Directions:
The lines below, from the one containing "Chi bộ Trung" through the one containing "Декоративный элемент Палочка прямая, 24", should be set down exactly, with no pictures and nothing else.

Records shown:
..........

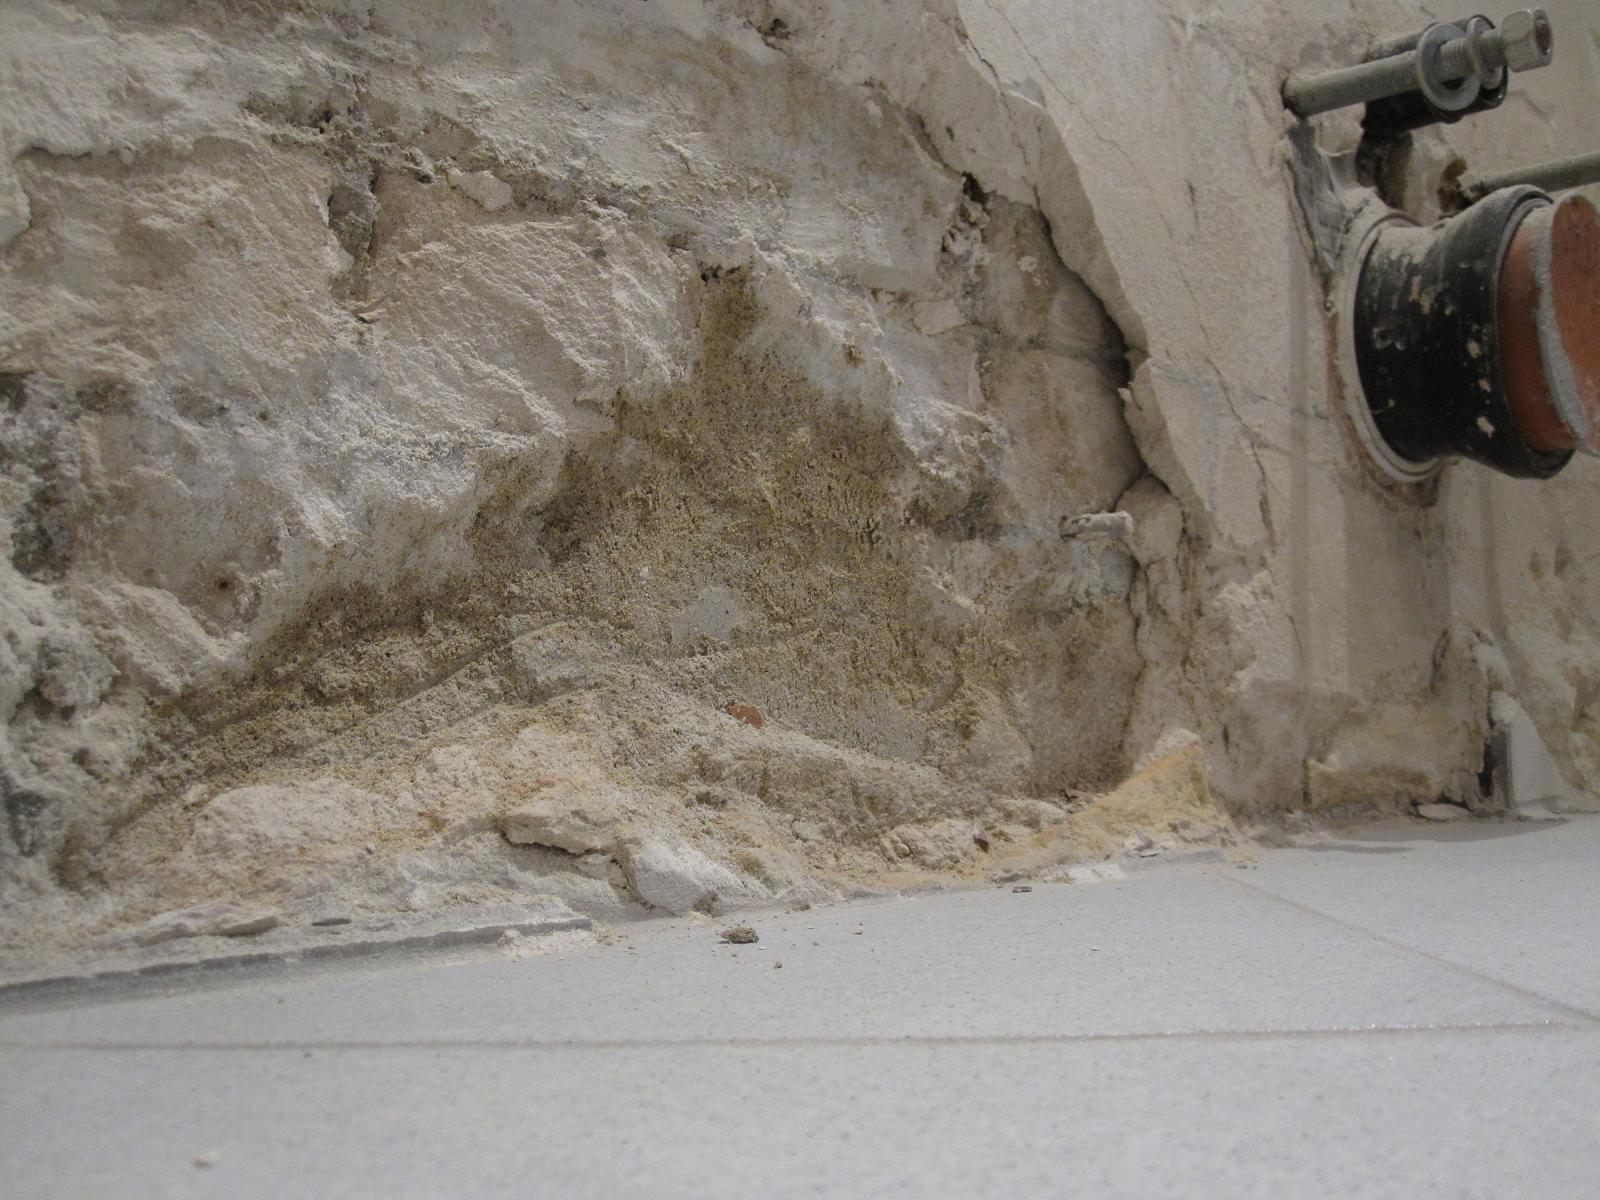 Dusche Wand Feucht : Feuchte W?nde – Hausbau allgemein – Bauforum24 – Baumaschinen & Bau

..........

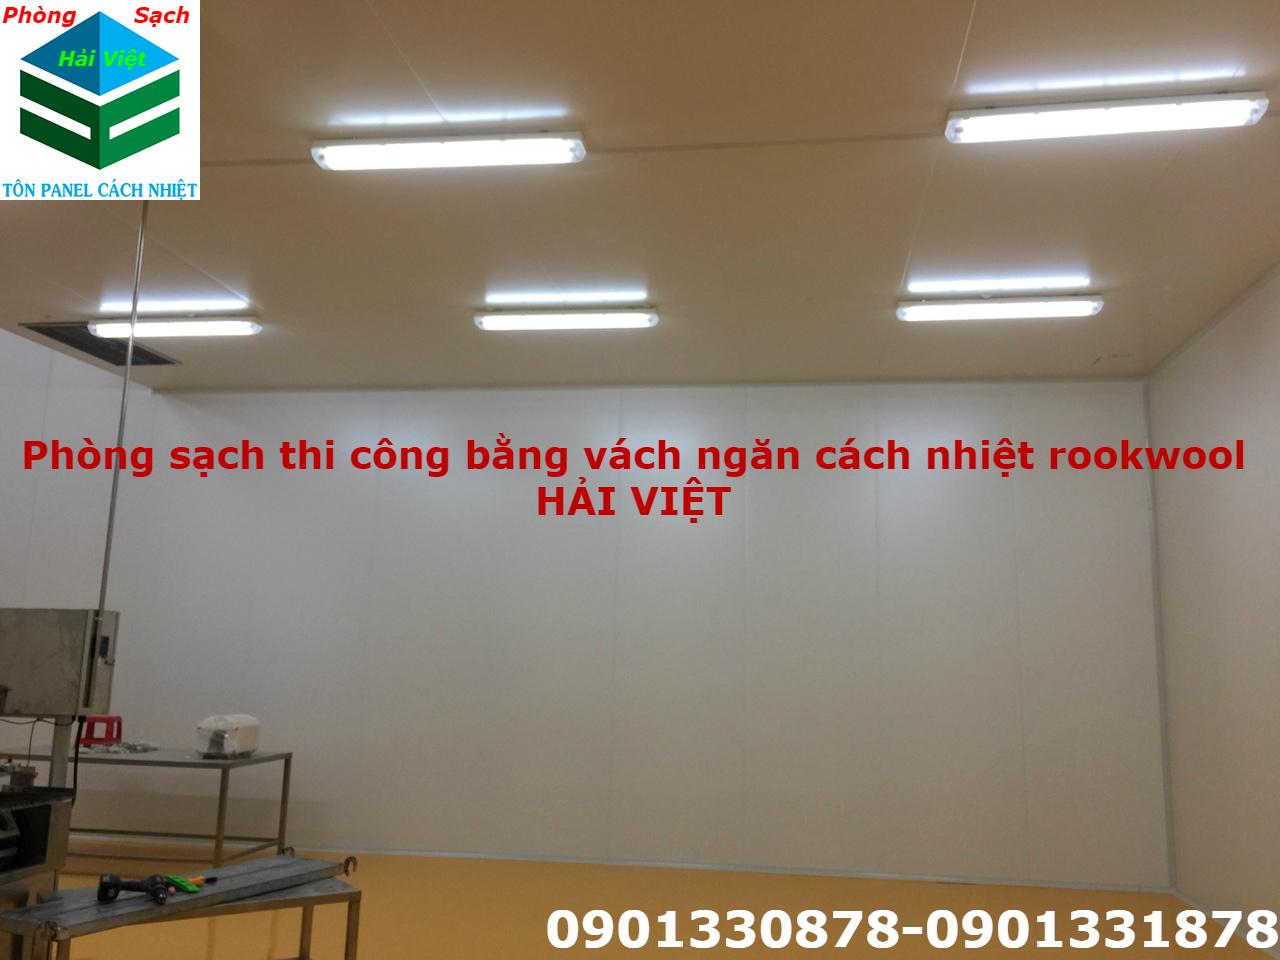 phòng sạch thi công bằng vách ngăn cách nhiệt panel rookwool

..........

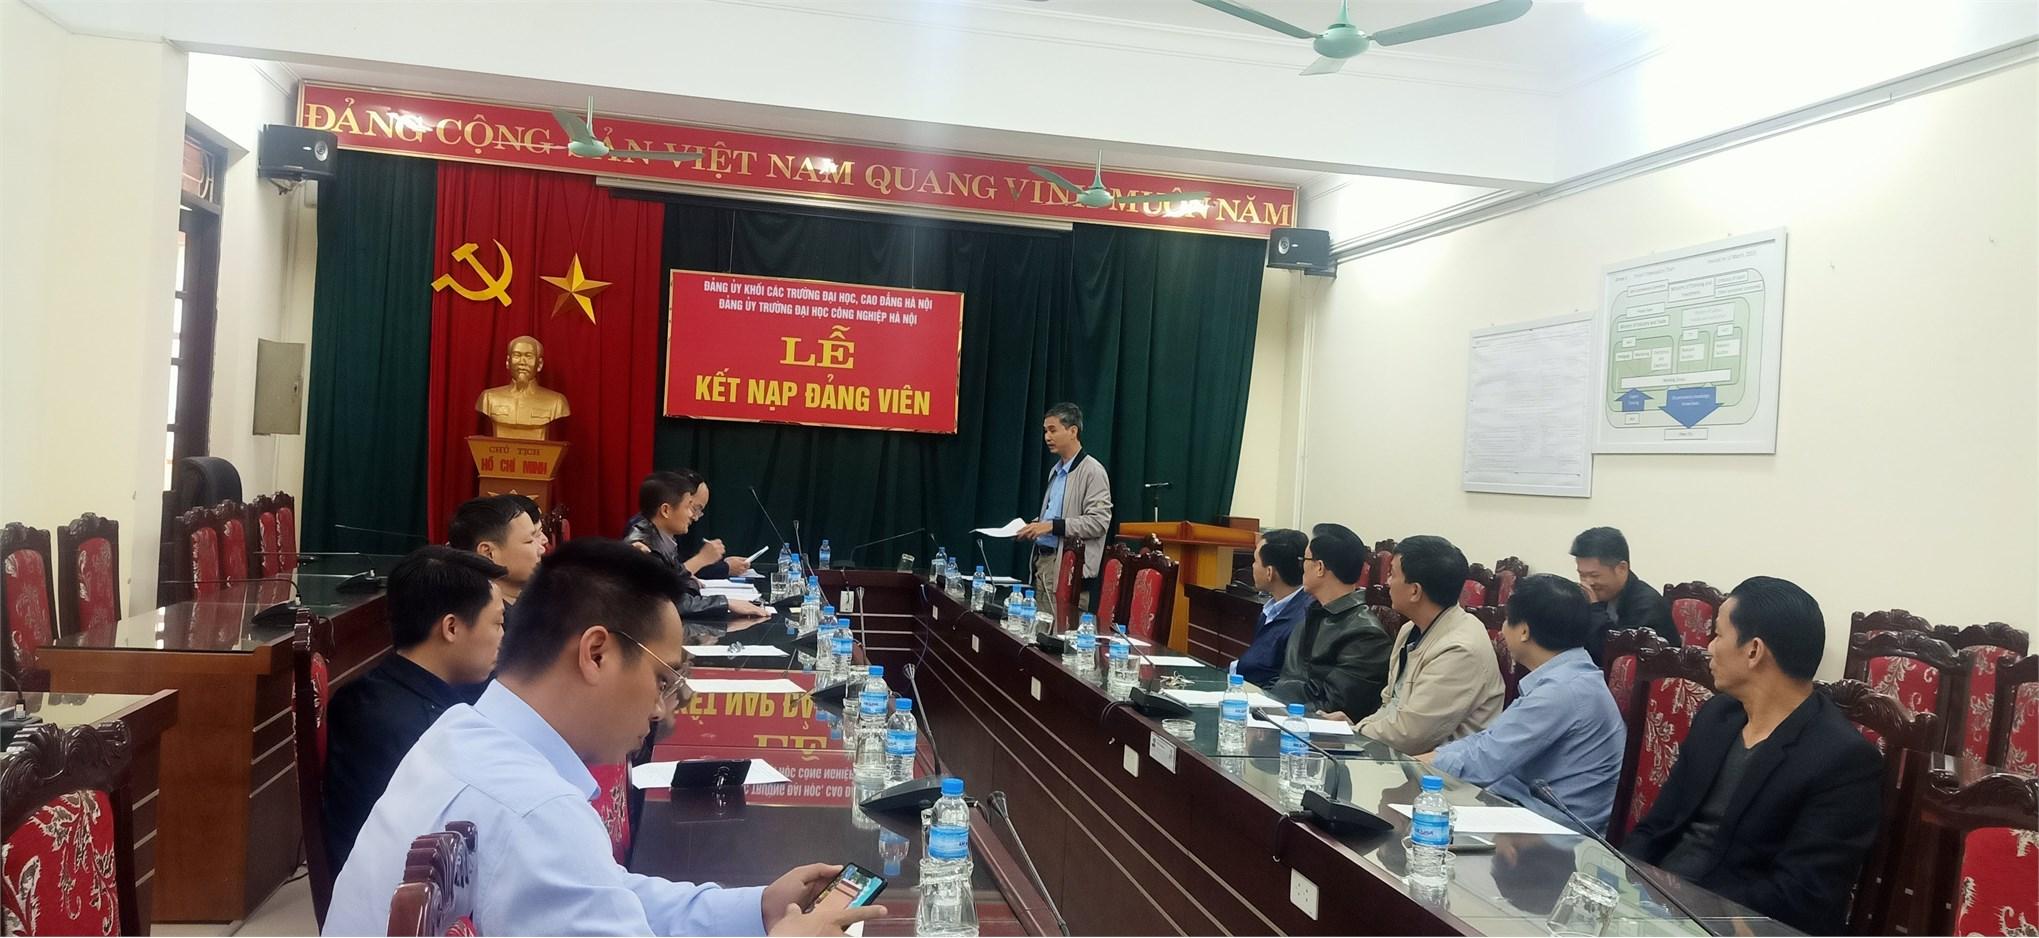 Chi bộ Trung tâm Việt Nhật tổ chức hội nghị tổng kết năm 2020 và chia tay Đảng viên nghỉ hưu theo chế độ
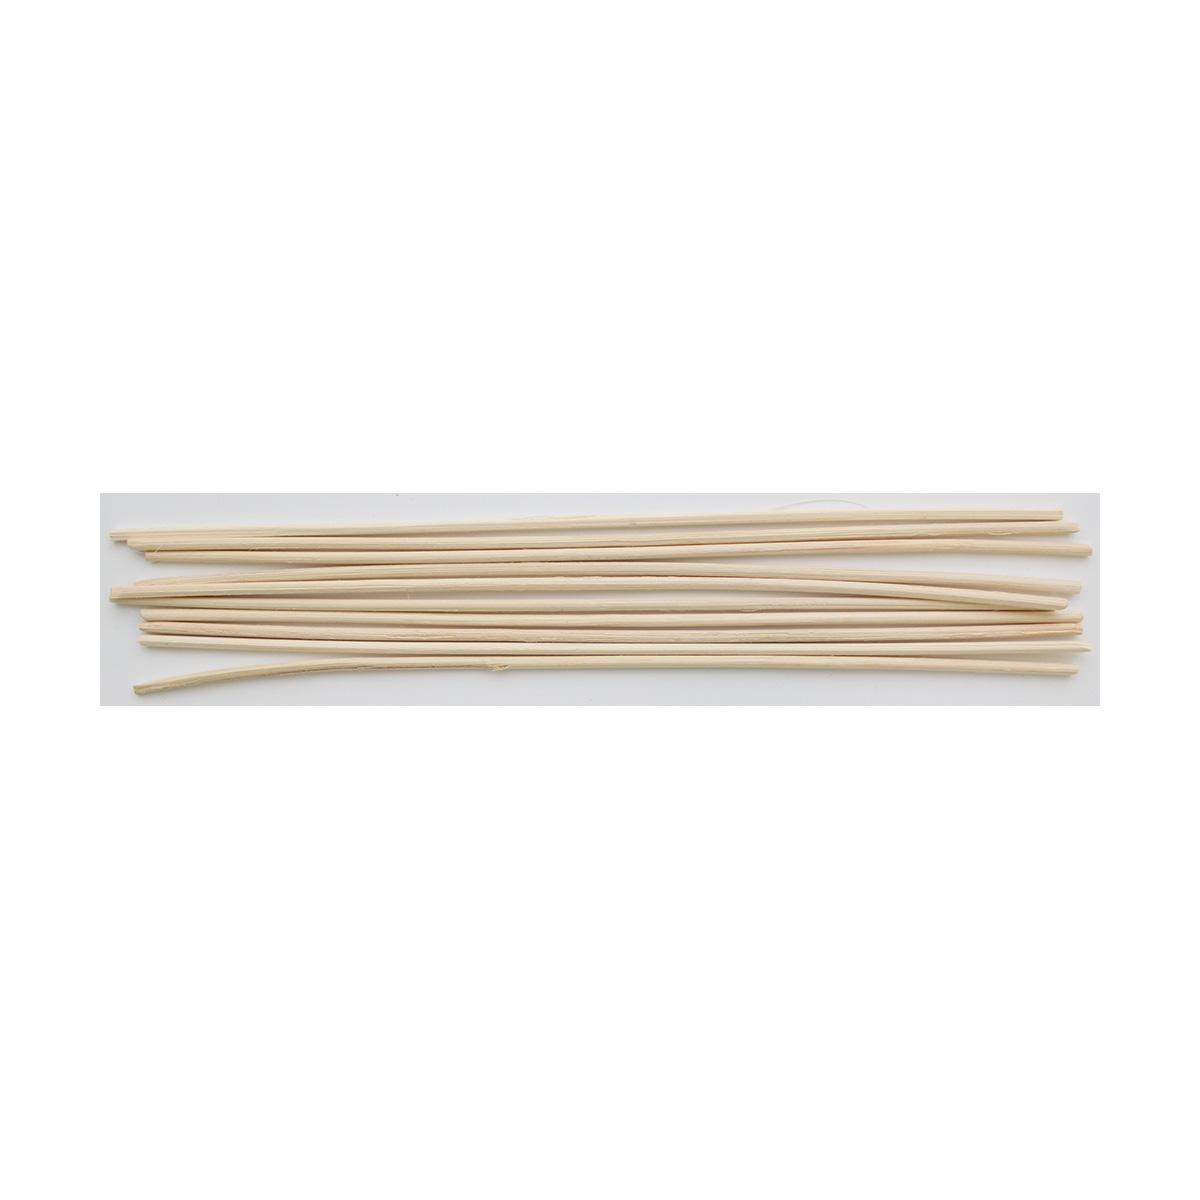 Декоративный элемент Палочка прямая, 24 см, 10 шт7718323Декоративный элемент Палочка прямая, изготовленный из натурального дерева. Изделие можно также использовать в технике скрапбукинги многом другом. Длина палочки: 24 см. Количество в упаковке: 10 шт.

..........

Solution for this task:
 Chi bộ Trung tâm Việt Nhật tổ chức hội nghị tổng kết năm 2020 và chia tay Đảng viên nghỉ hưu theo chế độ
 Декоративный элемент Палочка прямая, 24 см, 10 шт7718323Декоративный элемент Палочка прямая, изготовленный из натурального дерева. Изделие можно также использовать в технике скрапбукинги многом другом. Длина палочки: 24 см. Количество в упаковке: 10 шт.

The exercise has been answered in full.